My analysis is that the price spike was a generation related issue while the price suppression was a transmission related issue.

This edition of IEEE Power & Energy Magazine focuses exclusively on the smart grid.  Since the related article was about demand response in Chicago, I thought that there should be more about using demand response to handle constraints on the distribution grid, the section of the wires that most people discuss in regard to the smart grid.  Thus, the geographic price differentials should be on the distribution grid, which would be a issue for Exelon’s Commonwealth Edison instead of a transmission issue for PJM.

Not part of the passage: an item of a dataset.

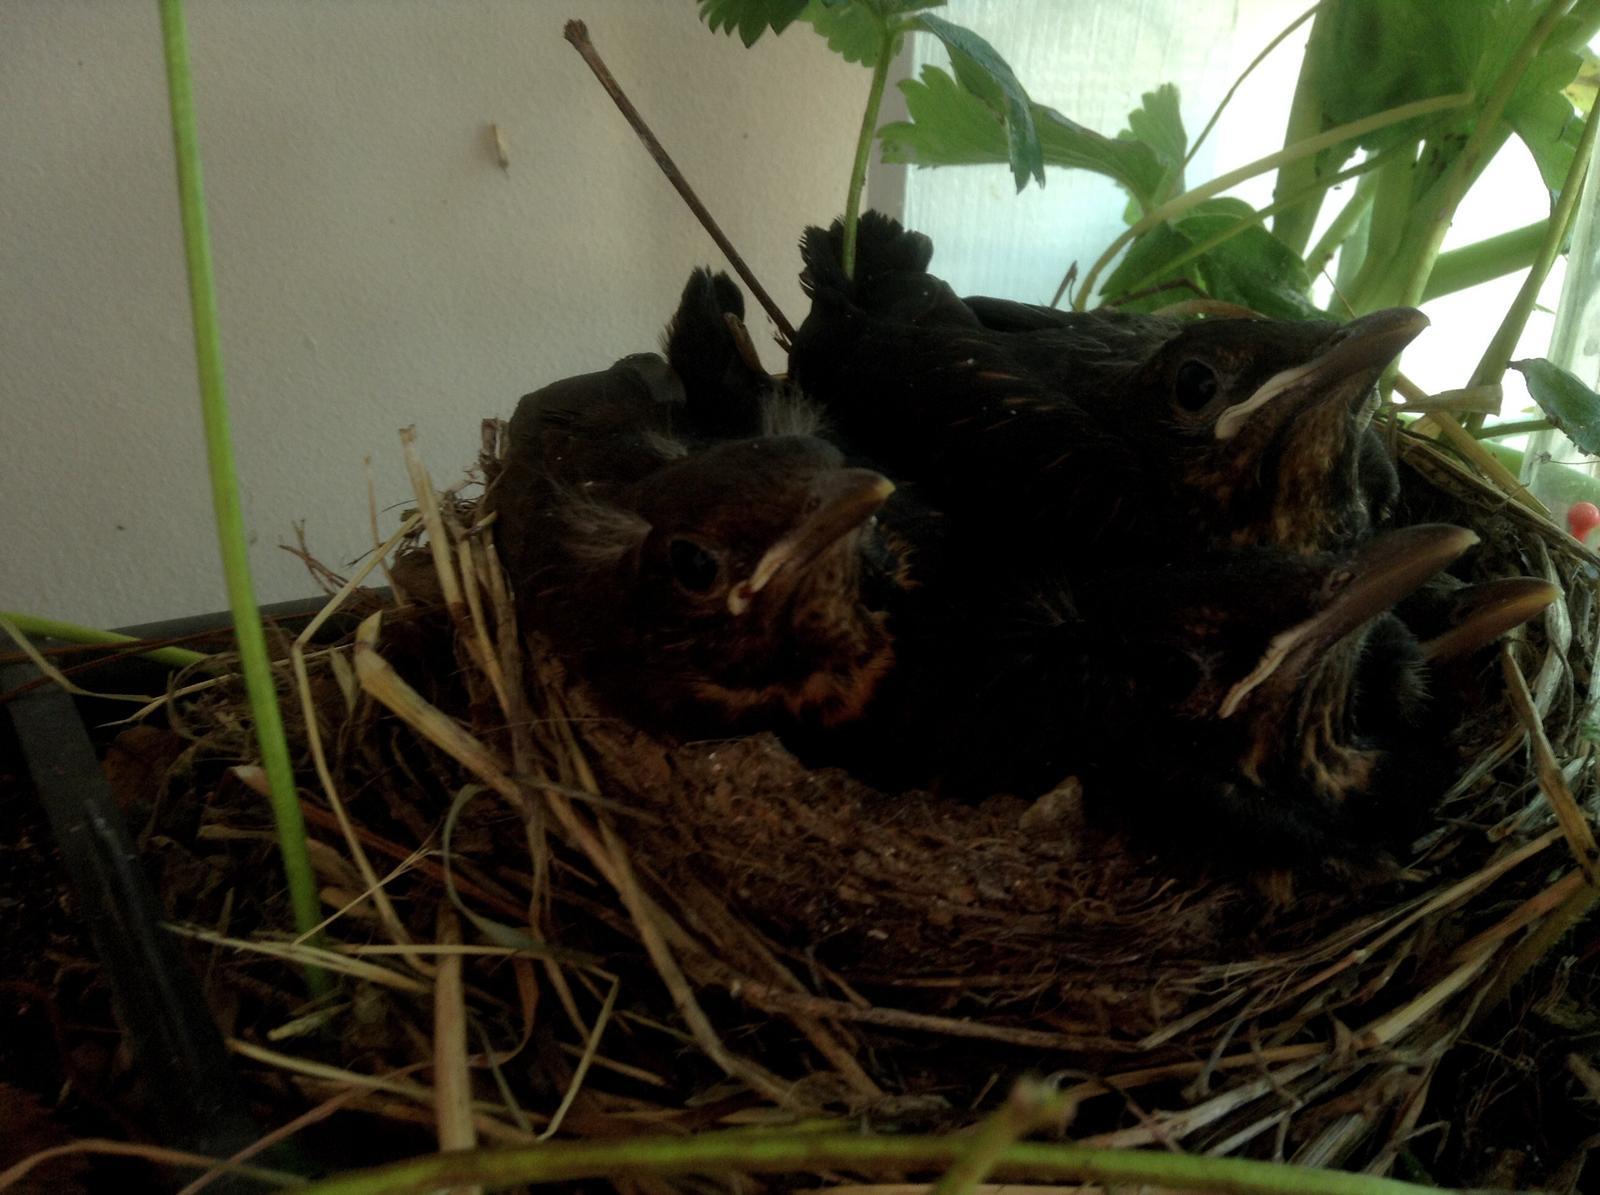 Moje jahody :) - Posledná foto... Zrazu fŕŕŕ a boli preč.... ;(

Using demand response to address generation issues is old hat, the load management programs of a few decades ago.  And though figure 1 shows some geographic dispersion of prices and thus, perhaps, demand response being worthwhile for the transmission portion of the wires associated with the smart grid concept, my experience with PJM suggests that the price suppression was probably most severe in the Chicago area, suggesting that there was too little load in that area instead of the need for demand response.

I believe we need more demand response, not just to handle the G&T issues associated with figure 1, but more especially to handle overloads on the distribution grid.  Electric vehicles (according to EPRI) will overload the majority of the transformers that EPRI studied. 

  • The presence of figure 1 in the IEEE P&E Magazine suggests that many people believe that we can use real time prices to get more demand response.
  • The EPRI study tells me we need demand response to handle distribution issues. 

Putting it together, we need a way to price the use of the distribution grid on a real time basis, just as PJM has put into place a way to price the G&T on a real time basis.

I came to this distribution pricing conclusion last January while speaking at the IEEE/NIST smart grid conference.  My paper on the subject is “Dynamic Pricing: Using Smart Meters to Solve Electric Vehicles Related Distribution Overloads,” Metering International, Issue 3, 2010, which came out last Fall.